Let’s first look at the teaching hours. The document makes note of a change in total teaching hours from 2178 to 1944. That’s a loss of 234 hours. Given two 12 week semesters, and an average teaching load of 12 contact hours per week, that’s less than one full time staff member. Note that an original report (we’ve had two reports in the past year) counts the number of mathematics teaching staff at 10.4 (effectively 10, as the 0.4 counts for a staff member with no teaching), so if the change plan were to be implemented we would have five staff teaching 1944 hours. That works out, over 24 teaching weeks in the year, at 16.2 contact hours per week – an impossible work load for any academic with the hope of doing any research, planning or development.

One of the two reports recommends “disaggregating” mathematics and computer science – up until recently, we were all together in the School of Computer Science and Mathematics. Leaving aside the wisdom of this idea (which is quite lost on me) it is in practice almost impossible to achieve, as many teaching staff, such as myself, have taught into both disciplines. Over the past few years I’ve taught calculus, discrete mathematics, mathematical cryptography, digital image processing, network security, as well as supervising research students, mainly from our coursework Masters in Computer Science. So am I a mathematician or a computer scientist? I’ve avoided being pigeon-holed, and I’m not alone – many of my colleagues also teach as much computing as mathematics.

Student numbers. Because the disaggregation has not yet happened, it is very difficult to separate mathematics numbers from computer science. And in fact the biggest single drop in numbers (which the Change Plan notes) was in fact caused by a drop in numbers from the Comp Sci Masters program a few years ago. But this is a program which contains no mathematics! No report, or this Change Plan, has made the effort to go beyond total student numbers to numbers specific to individual disciplines.

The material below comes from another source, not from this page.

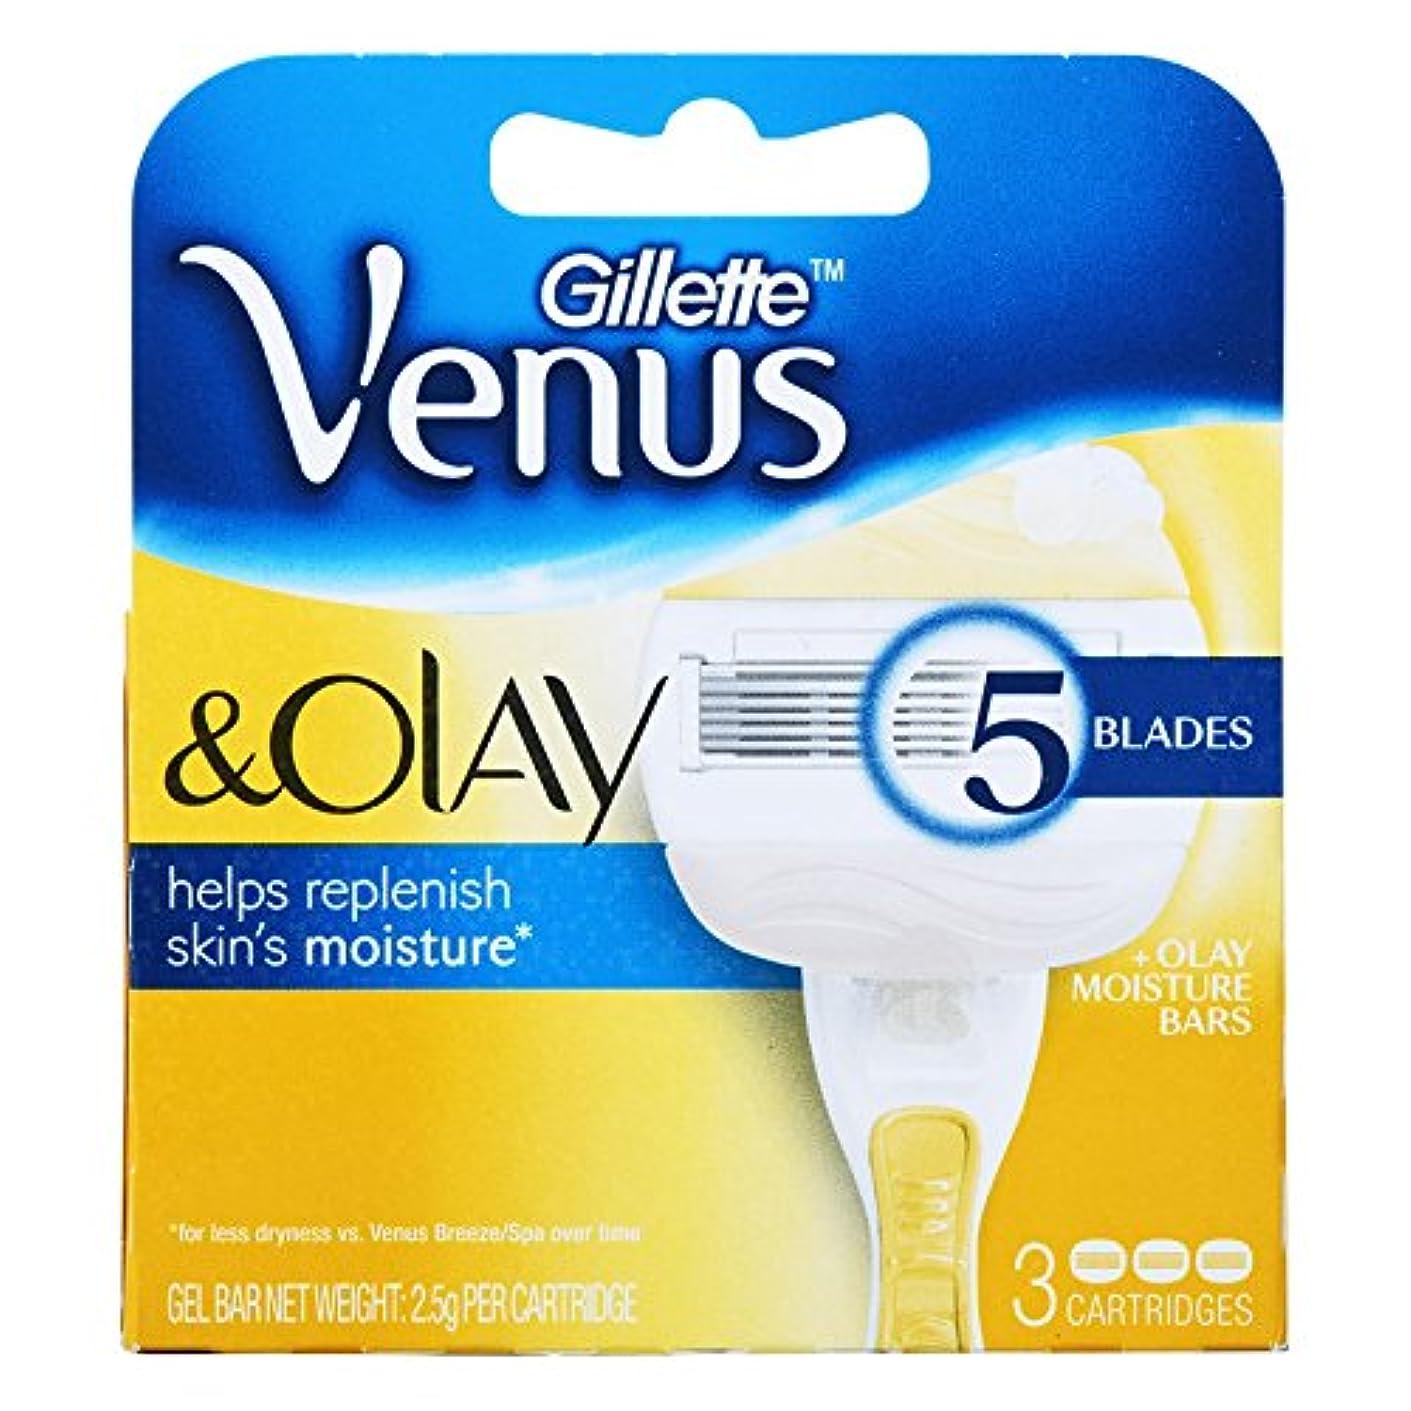 ホップ北へヒュームGillette Venus Olay Razor Blades カートリッジブレード 3 Pcs [並行輸入品]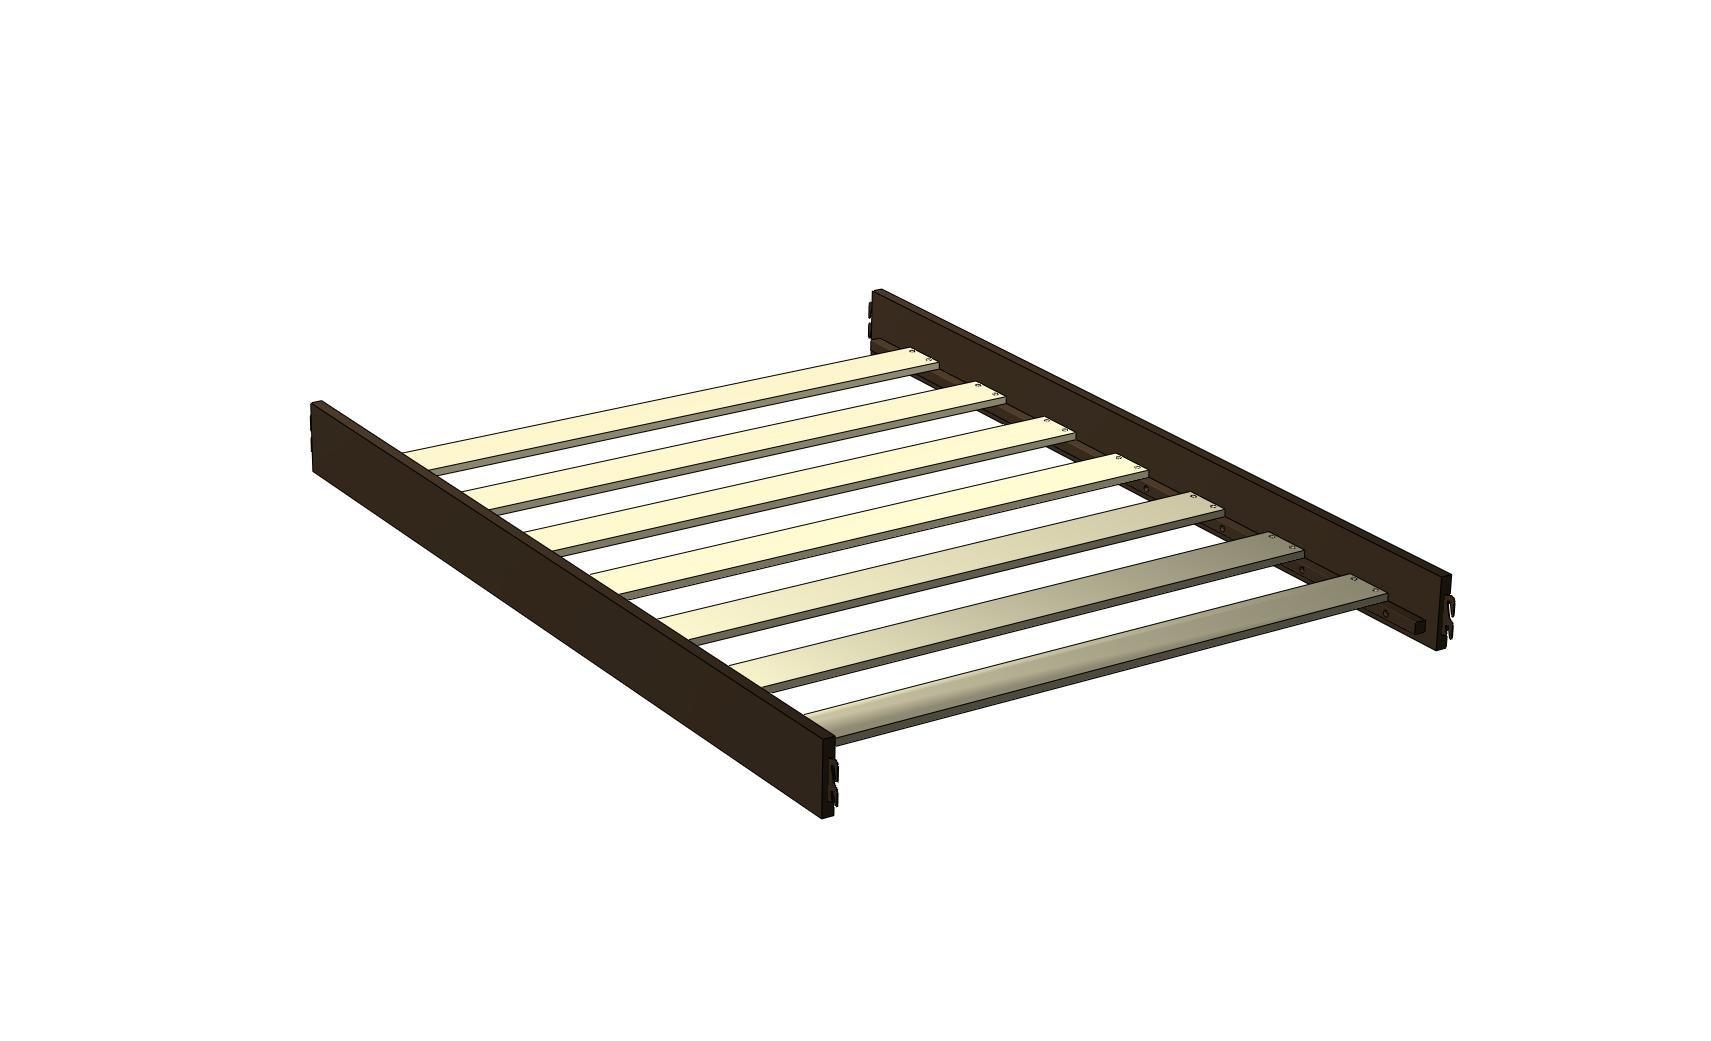 Westwood Design Donnington Platform Bed Rails, Santa Fe

RGMIA. This is not a formal Research Centre of the University, but rather an informal grouping of local and international academics (about 1300 of them) all with similar interests. A refereed journal is published, and the Chair of RGMIA is an internationally renowned scholar, with hundreds of papers and books to his credit. He was appointed as a research and teaching academic some years ago, and has built up RGMIA with his many international contacts, and by his own research excellence, obtaining nothing from the University aside from a lecturer to help run the Journal. How is he being repaid for his selfless dedication to the University? – by having his position being made redundant even while the Change Plan is officially still in draft status! Even though he himself, officially, is not being made redundant, his position is, which means that either he has to reapply for another position, or take a “voluntary departure” package. Either way, it’s shoddy treatment.

Equity. The University has had a mission to provide high quality post-secondary education to the Western suburbs of Melbourne. These are suburbs with a high proportion of blue-collar workers, and low socio-economic status, and the University, with its value-added programs, has always had many students from this area. In fact the University has the highest percentage of any Australian university of students who are the first in their family to attend university. The Mathematics staff have for many years worked diligently to provide multiple entry points into the university’s programs, as well as some highly regarded outreach programs, and some programs to upskill secondary school mathematics teachers. All these programs and good work will die if the Change Plan is to proceed.

The university seems bent on destroying mathematics as a valid, valued and valuable teaching and learning discipline, and in ruining the goodwill of its teaching staff, and engendering a spirit of disinterestedness and cynicism. Well, it’s doing an excellent job.


I’ve been doing some work on the number of hours taught over last few years, and looking very carefully at the staffing spreadsheets. Well, here are the actual numbers:

2006: 2388
2007: 2140
2008: 2340

So much for falling numbers! And owing to the funding cuts, three staff members who have retired during that time have not been replaced.